Systemic chemotherapy regimens varied over time and were determined by the treating medical oncologist on the basis of guidelines, previous chemotherapy history, and ongoing clinical trials. Modern chemotherapy was defined as regimens containing oxaliplatin or irinotecan. Adjuvant systemic chemotherapy was defined as systemic chemotherapy starting within 3 months after resection of CLM. Preoperative systemic chemotherapy was defined as systemic chemotherapy within a 3-month period before resection of CLM.
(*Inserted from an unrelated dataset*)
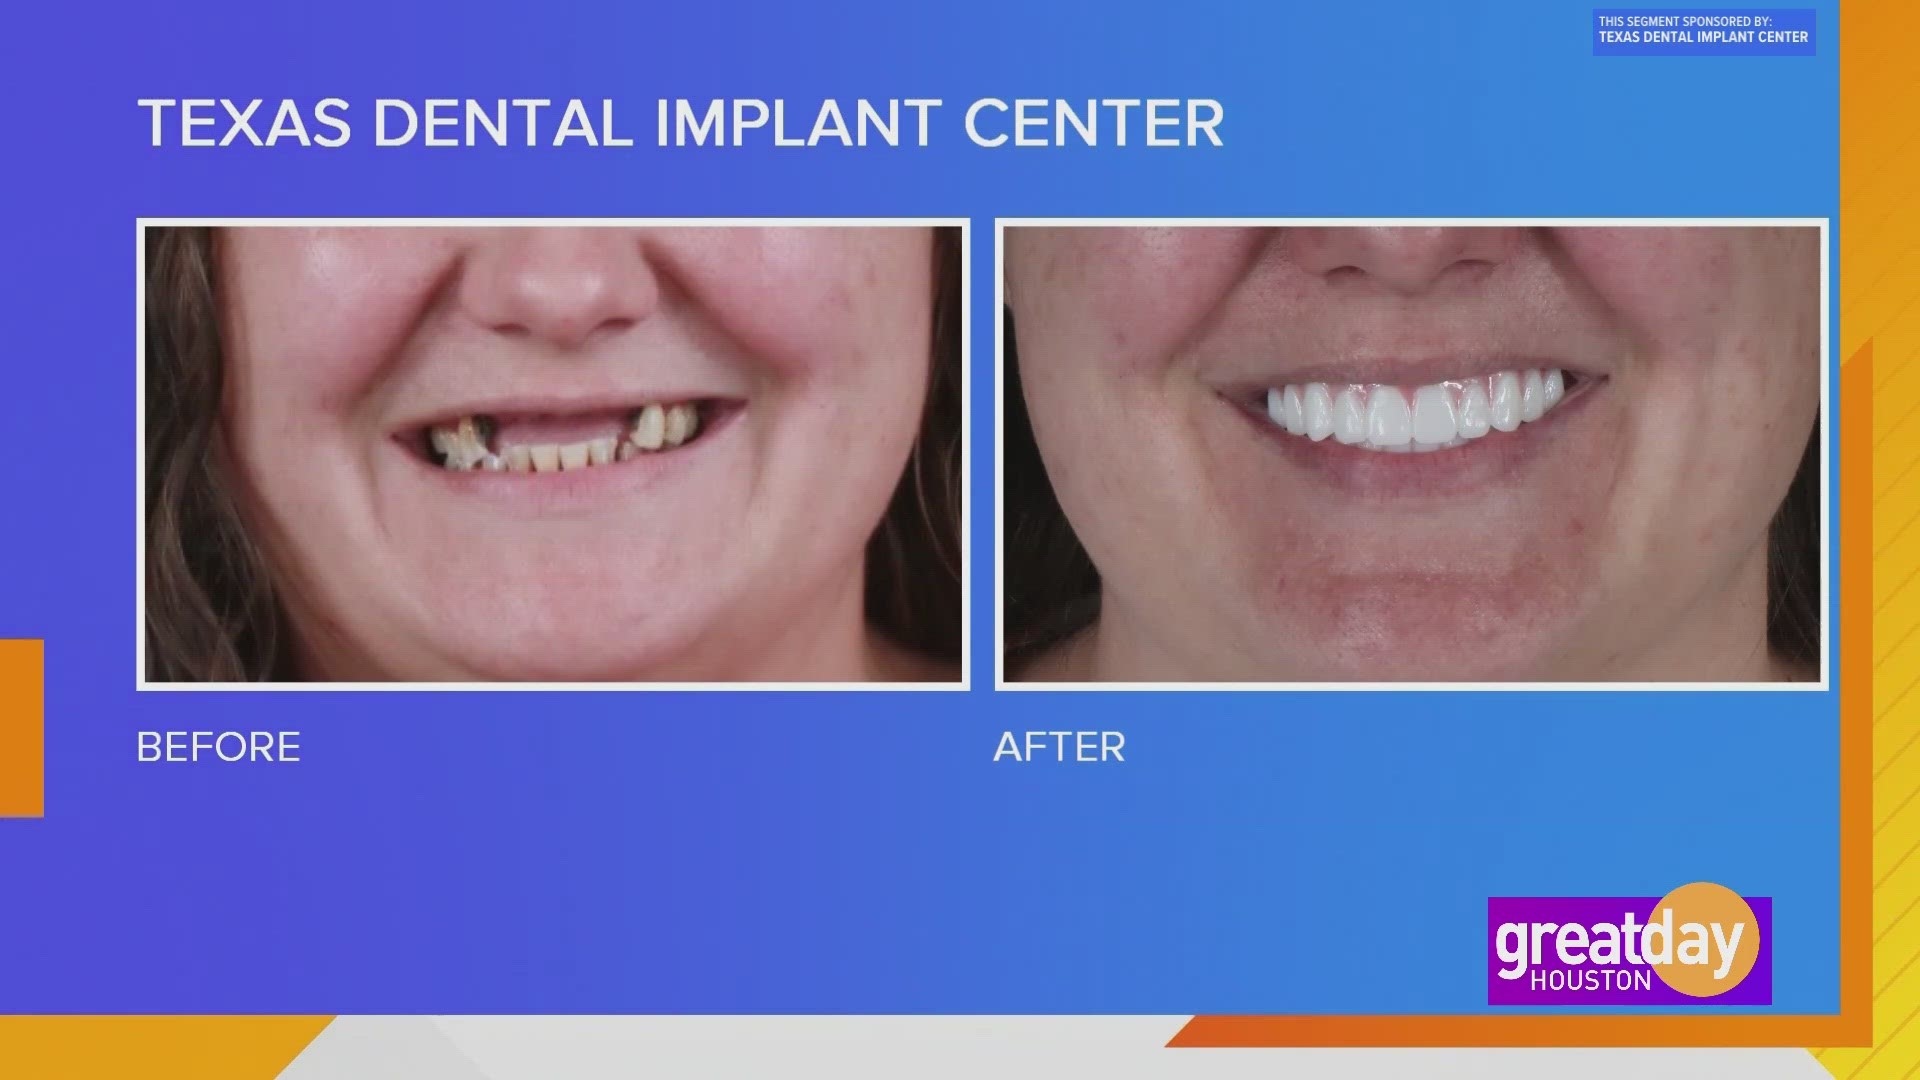 For decades, Philis Sikes battled with failing teeth. With one trip to Texas Dental Implant Center her life changed forever and yours can too!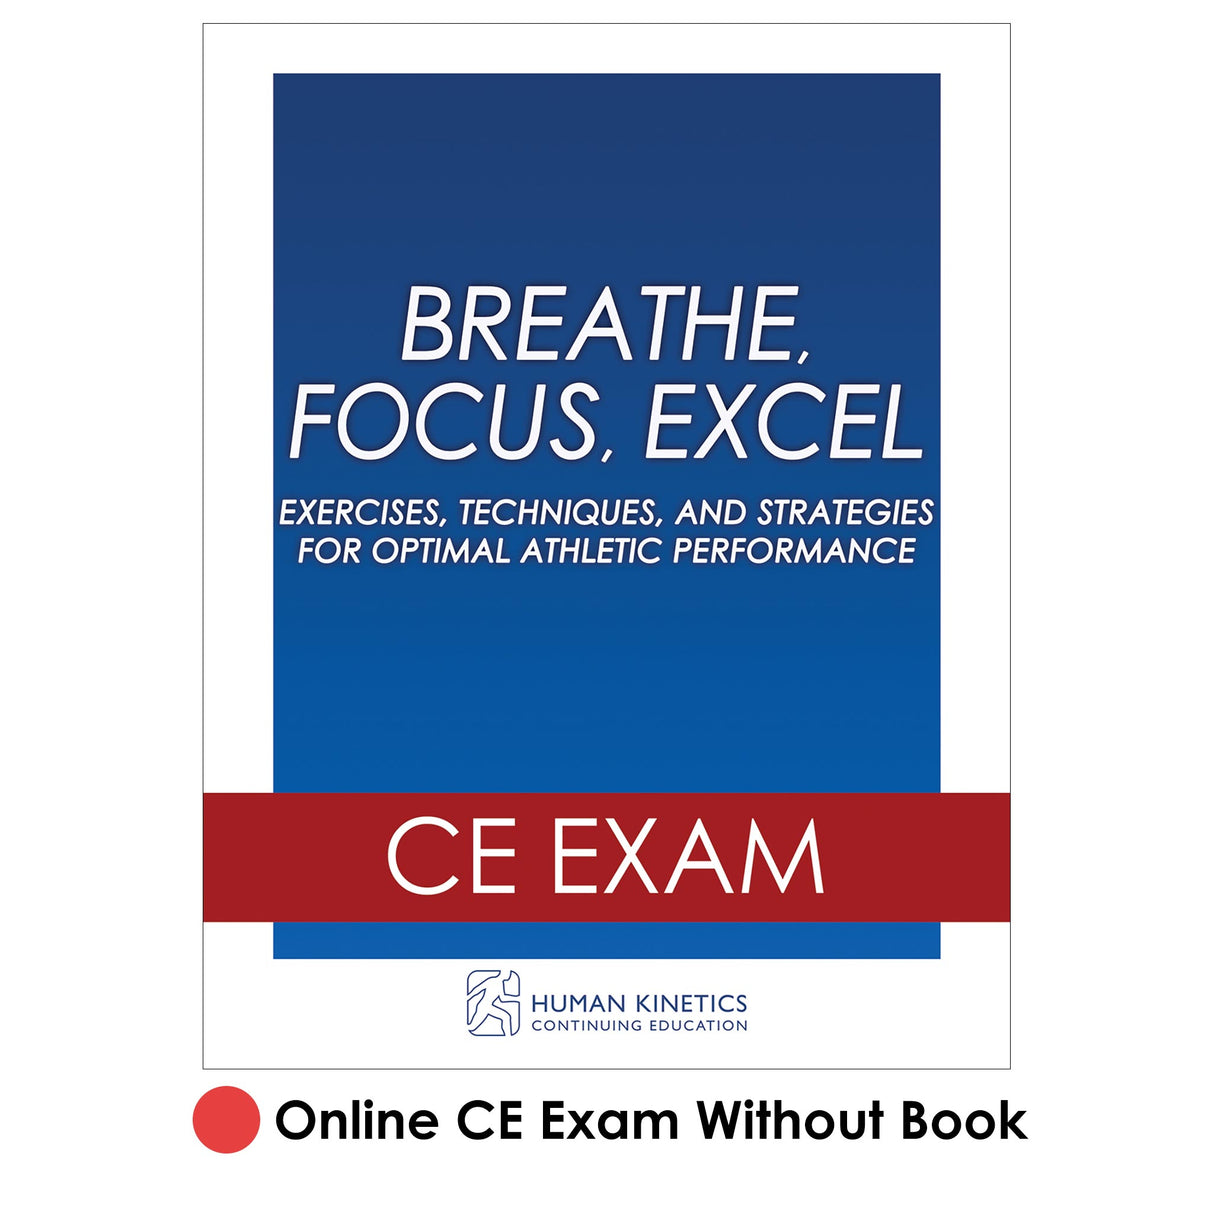 Breathe, Focus, Excel Online CE Exam Without Book

All patients receiving HAI were scheduled to receive 5-FU with or without additional systemic chemotherapy such as irinotecan or oxaliplatin.8 A switch to systemic chemotherapy alone only happened when the patient could no longer tolerate HAI. Patients were selected for HAI in the setting of clinical trials or outside trials at the discretion of the treating physicians. The implantable pump was placed at the time of resection and positioned subcutaneously in the abdominal wall, with the catheter tip typically positioned in the gastroduodenal artery as previously reported.8 Bilobar hepatic perfusion and lack of extrahepatic perfusion were confirmed by both intraoperative dye testing and postoperative technetium-99–labeled macroaggregated albumin nuclear medicine scanning. Patients with extrahepatic perfusion were evaluated angiographically and aberrant branches embolized with retesting before treatment. Patients received intra-arterial FUDR, with six cycles scheduled. Patients who did not complete all six cycles or who never received HAI because of technical failure remained in the HAI group for all analyses. HAI was mostly administered in the adjuvant setting after complete resection of CLM but was also administered preoperatively for patients with unresectable disease at presentation.12 Patients who had a pump placed for HAI at the time of recurrence after resection of CLM but did not receive perioperative HAI at the time of the initial hepatic resection were analyzed in the no-HAI group. The pump was typically removed after 2 years follow-up. A pump was rarely removed earlier unless it caused substantial discomfort to the patient or if the pump became nonfunctional.

Statistical Analyses

Propensity score analysis was performed using seven known independent prognostic factors.21 Quartiles of the propensity score were estimated using sex, age, year of resection, presence of extrahepatic disease, number of resected or ablated tumors, size of largest resected tumor, and margin status. All continuous prognostic factors (eg, age) were used as continuous variables. Imputation was not required for propensity score analysis, because the data were 98.5% complete for all seven covariates.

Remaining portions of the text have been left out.